To determine the effects of Capn4 expression on the EMT pathway, the protein levels of EMT markers were detected by WB in the A375 and M14 cells. The expression of E-cadherin was increased in the shRNA-infected cells compared with that of the controls (Fig. 7A and B) (P<0.01). The expression of β-catenin-N, N-cadherin and vimentin was decreased in the shRNA-infected cells compared with the controls (Fig. 7A and B) (P<0.05). No changes were observed in the expression of β-catenin-T (total β-catenin, included in the nucleus and in the cytoplasm) in the shRNA-infected cells compared with the controls (Fig. 7A and B). These results suggest that Capn4 plays an important role in the EMT pathway in human melanoma cells.

Discussion

Previous studies have reported that Capn4 is overexpressed in tumor tissues, including ICC (21), ccRCC (22) and NPC (23). Our study confirmed that Capn4 expression was increased in both melanoma tissues and cells in vitro. Lower levels of Capn4 expression were detected in the shRNA-infected cells when compared with the controls and the viability of the shRNA-infected cells was lower when compared with the control cells by MTT assay. The TUNEL assay, DAPI staining and cleaved-caspase-3 level assay proved that apoptosis was enhanced in the shRNA-infected cells compared with the controls. In other words, Capn4 enhanced the activity, inhibited apoptosis and promoted proliferation in human melanoma cells. In vivo, the tumor cells grew more slowly in nude mice injected with the shRNA-infected cells than in those injected with the control cells. In vitro, the Transwell assays demonstrated that the shRNA-infected cells displayed a statistically significant lower rate of migration and invasion than did the controls. Our study demonstrated that Capn4 promotes the migration and invasion of human melanoma cells in vitro and tumor growth in vivo.

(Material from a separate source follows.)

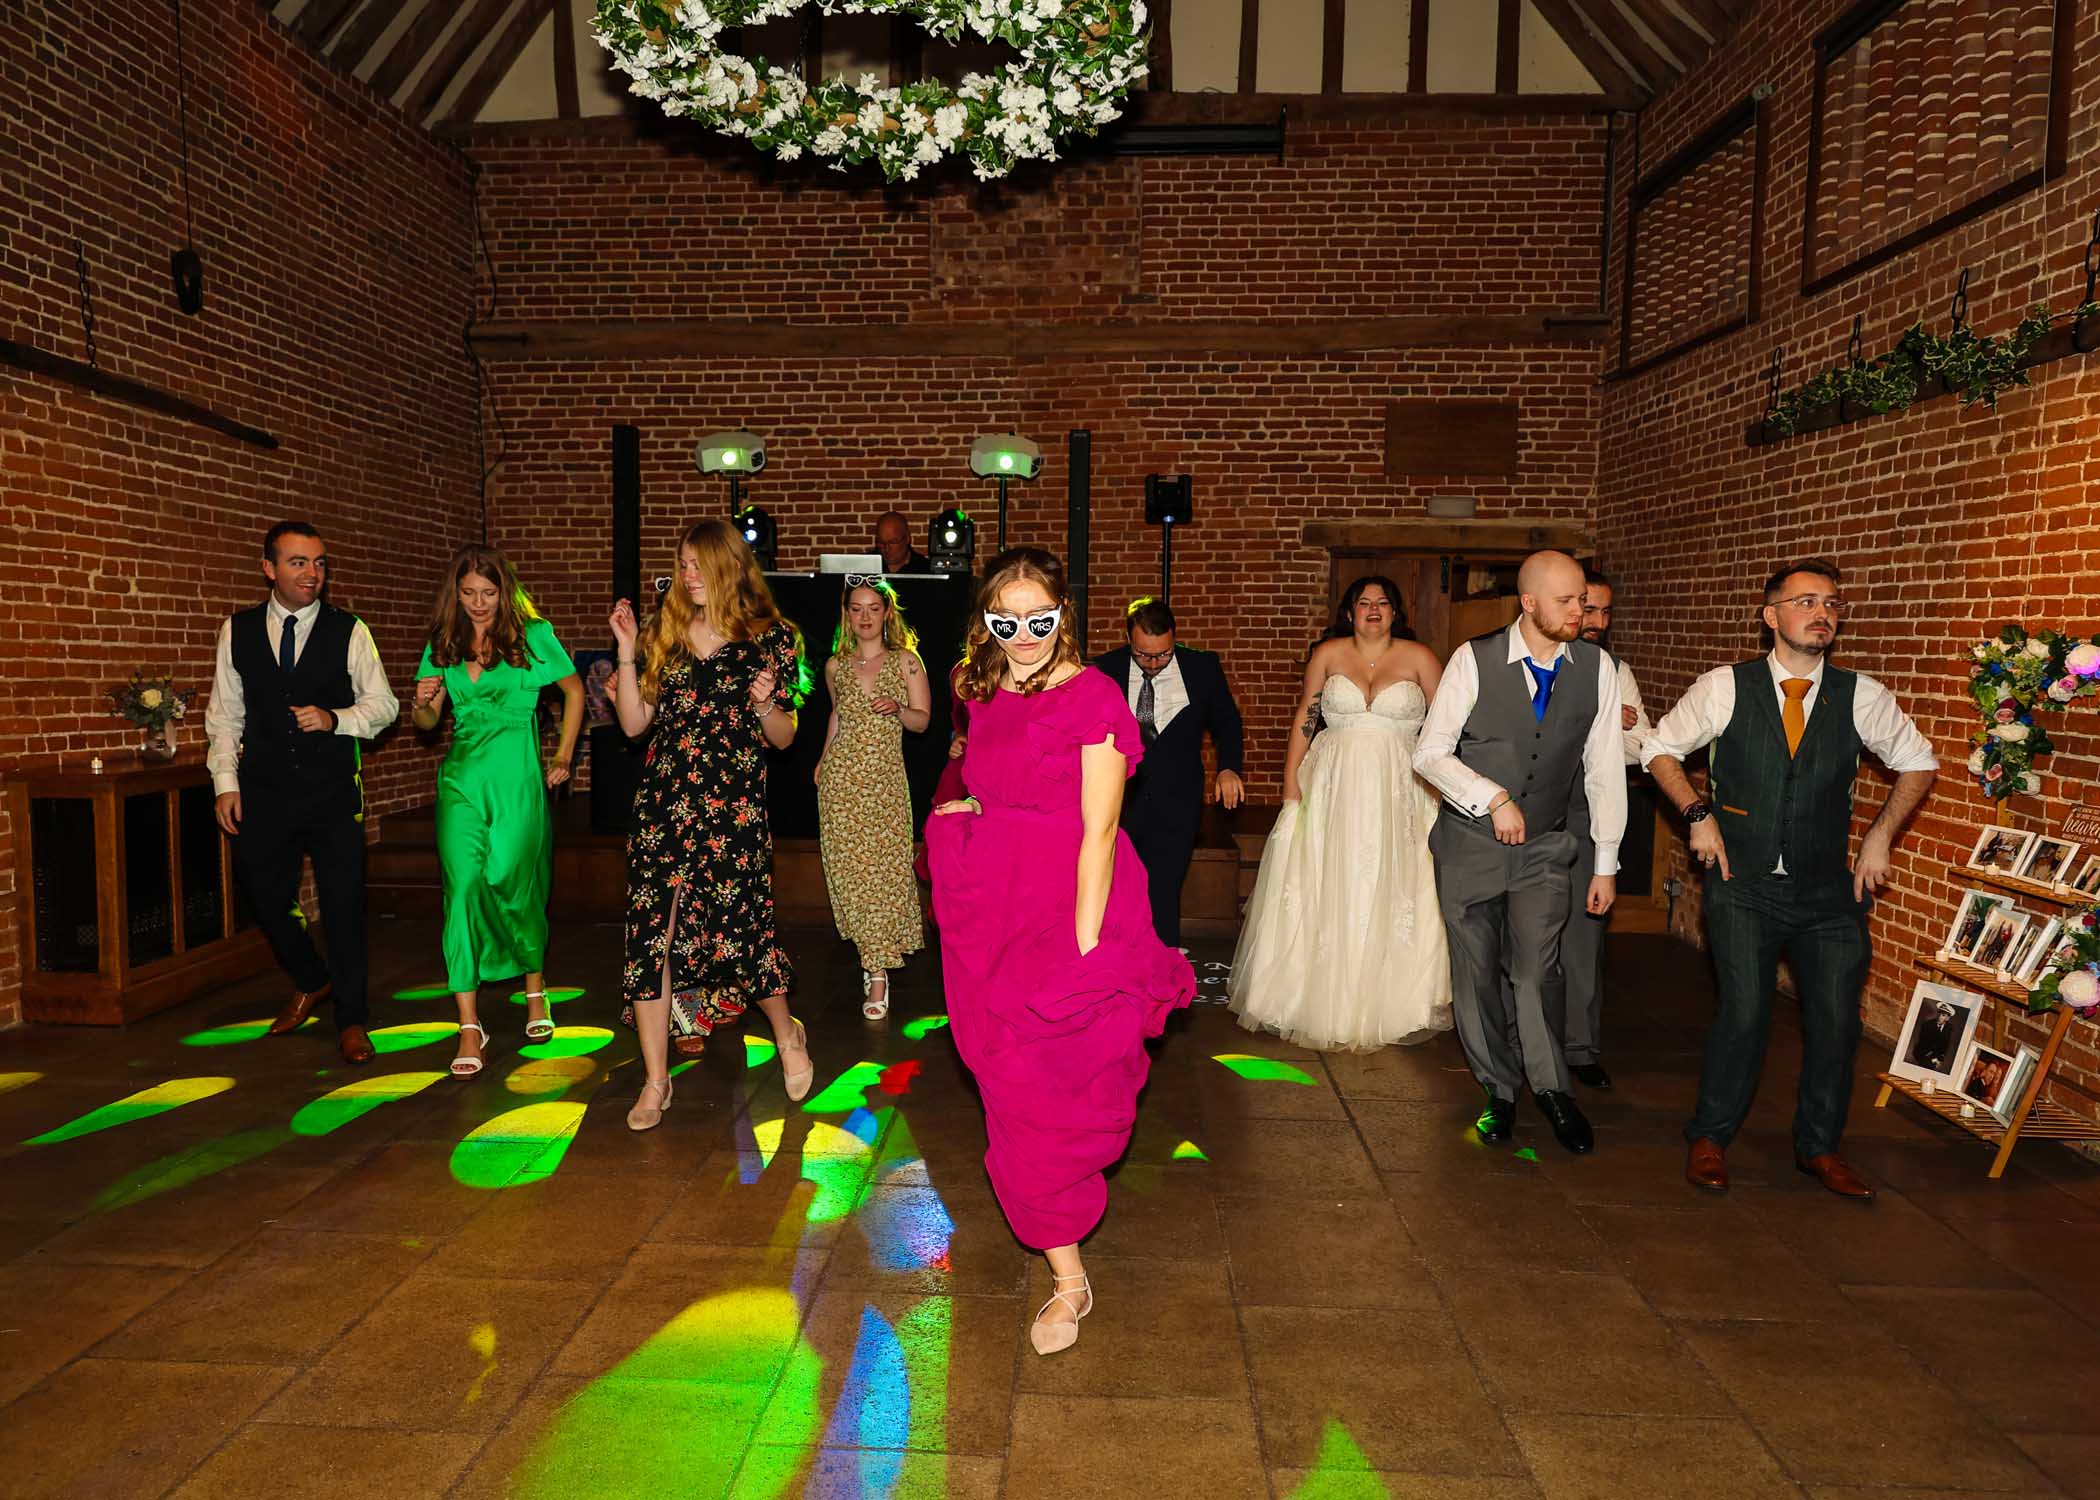 A bridal party dancing at a wedding at Haughley Park Barn taken by Suffolk Wedding Photographer Hayley Denston Photography
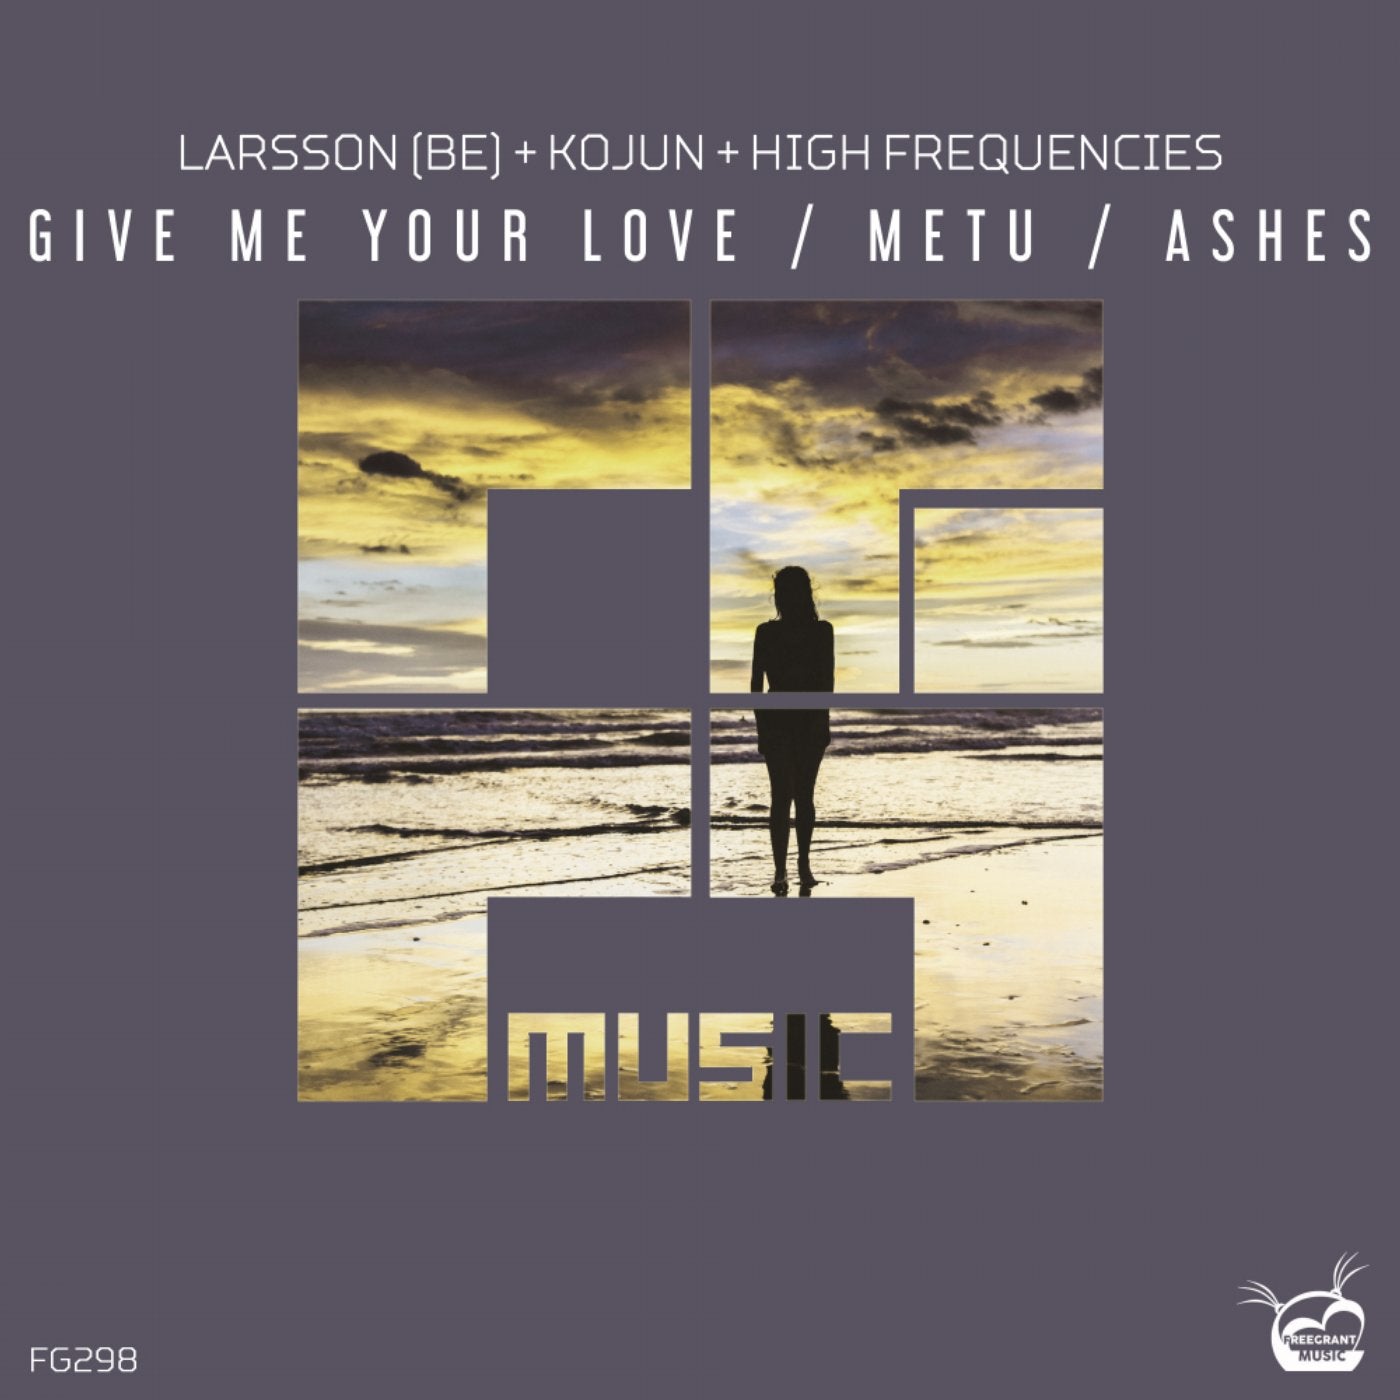 Give Me Your Love / Metu / Ashes

The migration and invasion of tumor cells are regulated by several pathways, such as the Wnt/β-catenin, NF-κB/p65 and EMT pathways. β-catenin influences many cellular processes, including cell adhesion, growth and differentiation (28). High levels of β-catenin have been reported in tumor cells (29). β-catenin is also ubiquitously referred to as an ‘oncogenic’ pathway that promotes tumor progression (30) and is reported to play an important role in melanoma tumorigenesis (26). In addition, the NF-κB pathway exhibits tumor-promoting functions in different models of carcinogenesis. The NF-κB pathway is constitutively and highly activated in melanoma cells (31). Inhibiting the NF-κB/p65 signaling pathway also promotes melanoma cell death (32). The EMT hyperactivated pathways regulate the expression of genes targeting the initiation of the metastatic cascade. Upregulation of E-cadherin and dowregulation of N-cadherin and vimentin expression leads to reduced migration and invasion of bladder carcinoma cells (9). Evidence has accumulated that these pathways cross-talk and regulate each other's activities and functions. β-catenin interacts with NF-κB subunits in colon cancer cells (33) and also regulates the activation of NF-κB (34). NF-κB/p65 promotes lung cancer proliferation through Wnt/β-catenin signaling (35). For instance, the NF-κB pathway directly regulates EMT through the transcription of EMT-associated gene products (3). Inactivity of β-catenin signaling in lung adenocarcinoma cells suppressed tumor cell growth and EMT in vitro and in vivo (36). Downregulation of Capn4 suppressed the migration and invasion of glioma cells and reduced the level of vimentin and N-cadherin (20). It has also been reported that upregulation of Capn4 promotes migration of hepatoma cells via the NF-κB/p65 pathway (37). In our experiments, the protein levels of EMT markers were detected by WB assay. The levels of β-catenin-N, N-cadherin and vimentin were decreased, and the level of E-cadherin was increased in Capn4-knockdown cells. There was no change in the level of total β-catenin expression in the shRNA-infected cells compared with that of the controls. Evidence has accumulated in support of the theory that Wnt/β-catenin signaling promotes EMT in cancer cells (3840). Therefore, we concluded that Capn4 contributes to the EMT pathway through the promotion of β-catenin nuclear entry but not through the increase of total β-catenin expression.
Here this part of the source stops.